Generating the xCell2 Reference Object

Once your inputs are prepared, you can create a custom xCell2 reference object using the xCell2Train function. This object will serve as the basis for cell type enrichment analysis in your downstream workflows and is a required input for the xCell2Analysis function.

Key Parameters of xCell2Train

  • ref: The prepared reference gene expression matrix or a SummarizedExperiment / SingleCellExperiment object. For more information, see Preparing the Input Data.

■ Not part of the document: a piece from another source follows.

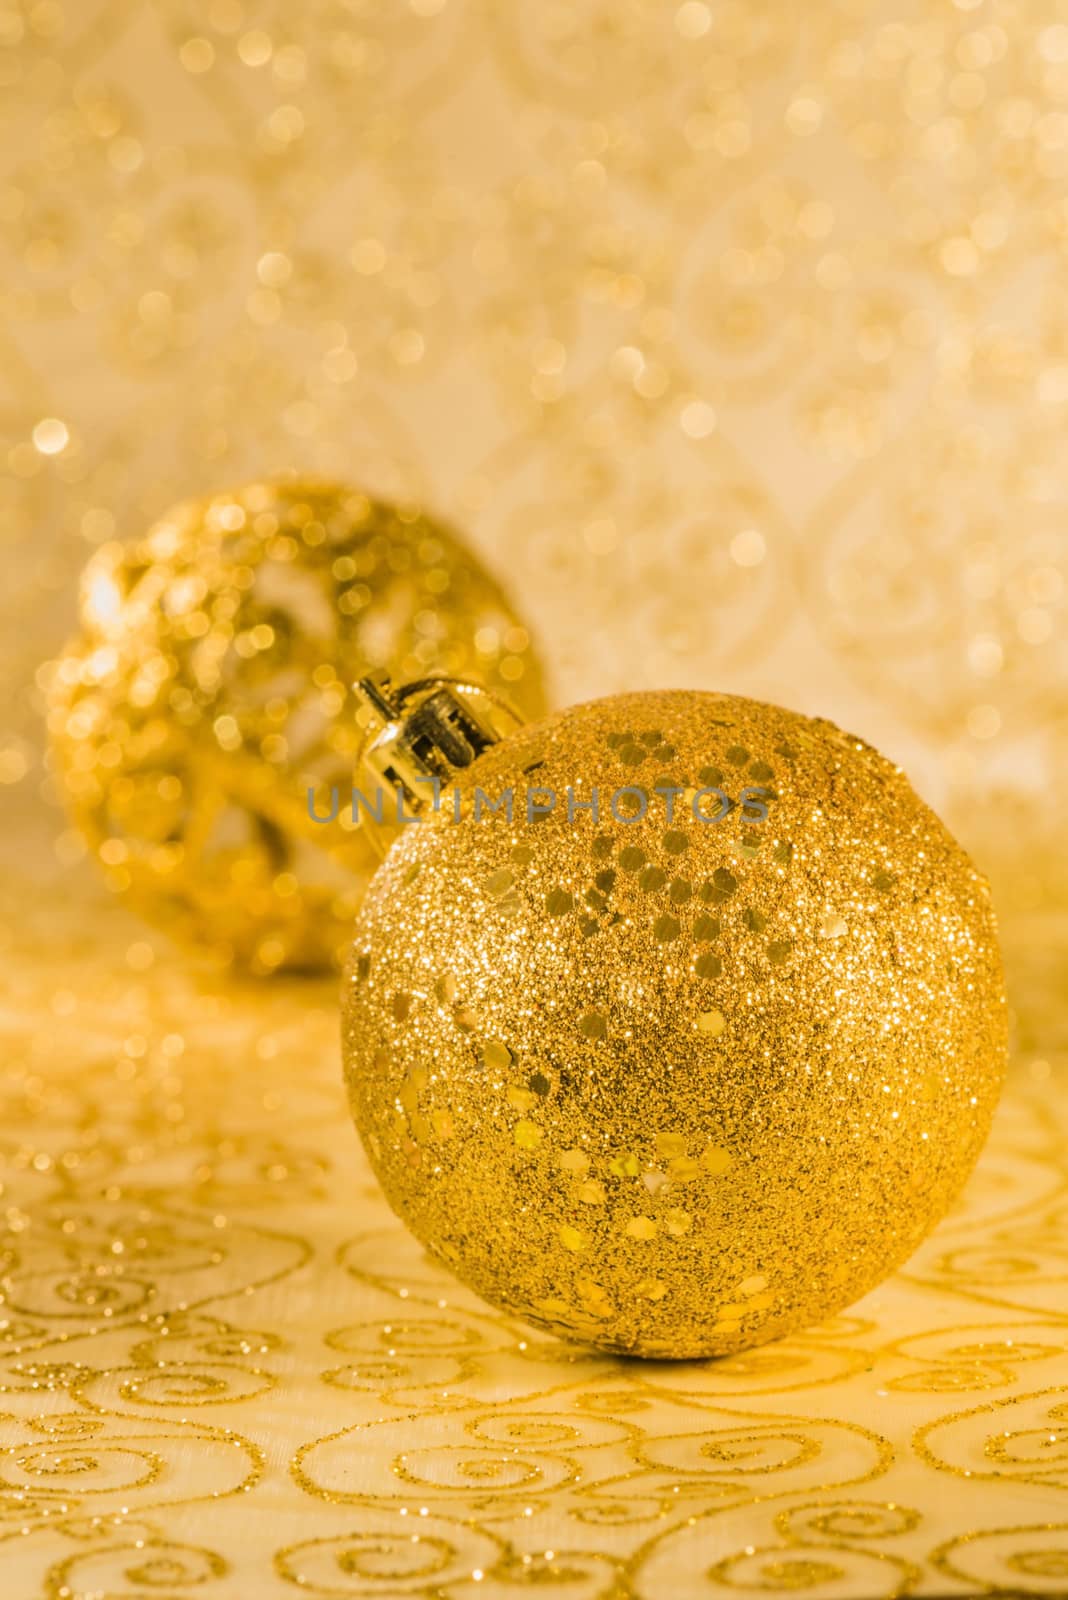 Golden chtistmas decorations by alexandrum01
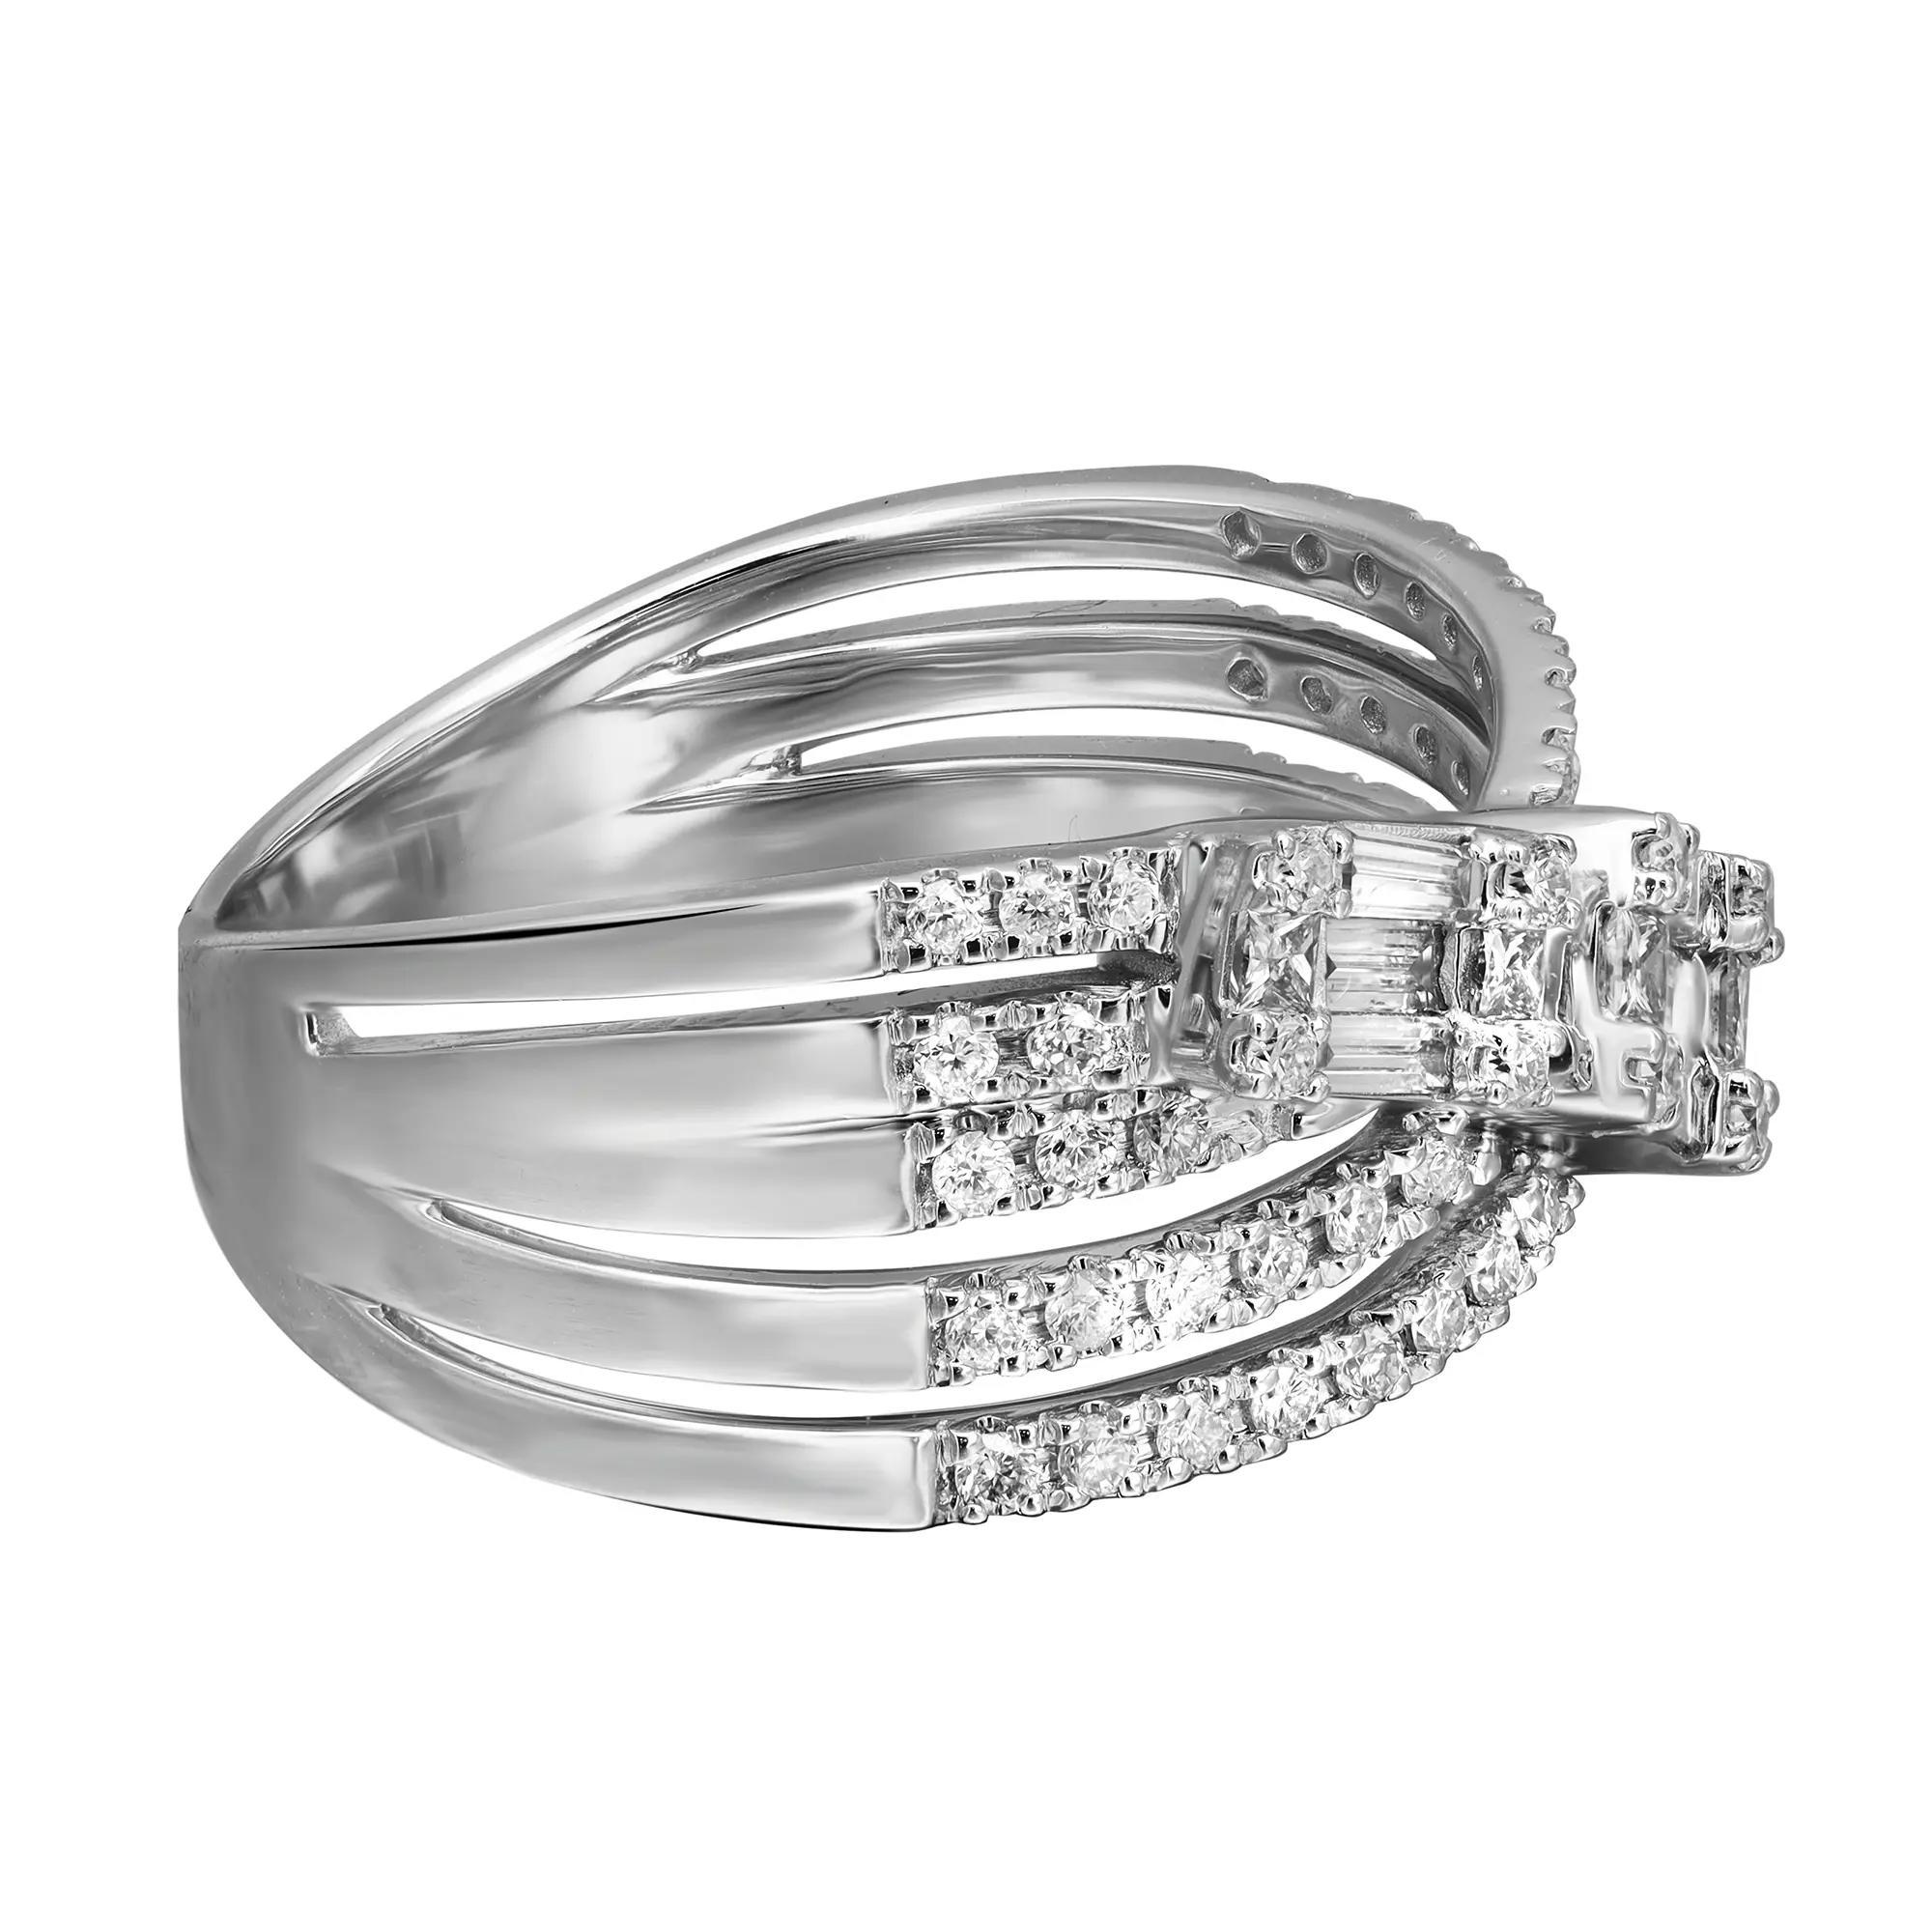 This beautiful ring features multi bands of prong set round cut diamonds intersecting with a channel set baguette and round cut diamond band in a crossover design. Crafted in 14K white gold, this ring exudes understated style and elegance. Set with

  • labels: The labels data frame you created. If you use a SummarizedExperiment or SingleCellExperiment object, this is not needed because the metadata should already be included in colData. See Preparing the Input Data and Assigning Ontologies for details.

  • refType: The type of reference data. Options are:

    • "rnaseq": Bulk RNA-Seq data.
    • "array": Microarray data.
    • "sc": Single-cell RNA-Seq data.
  • useOntology: Whether to use ontological integration to account for hierarchical dependencies between cell types (default: TRUE). For more information, refer to the Ontological Integration in xCell2 section.

  • lineageFile: The path to a manually curated lineage file generated with the xCell2GetLineage function, if available. For more information, refer to the Checking Lineage Relationships section.

  • BPPARAM: A BiocParallelParam instance for parallelization. See Parallelization in xCell2 for details.

  • useSpillover: A Boolean indicating whether to apply spillover correction during the training process (default: TRUE). For a detailed explanation of spillover correction, see the How Does xCell2 Correct Spillover? section.

  • spilloverAlpha: A numeric value (default: 0.5) that controls the strength of spillover correction. For guidance on spillover correction and choosing alpha, refer to the How Does xCell2 Correct Spillover? section.

  • returnSignatures: A Boolean indicating whether to return only the cell type-specific gene signatures from the training process (default: FALSE). Setting this parameter to TRUE provides the signatures alone, without generating the full reference object. This can be useful for advanced users who wish to analyze or modify the signatures directly or use them in custom workflows.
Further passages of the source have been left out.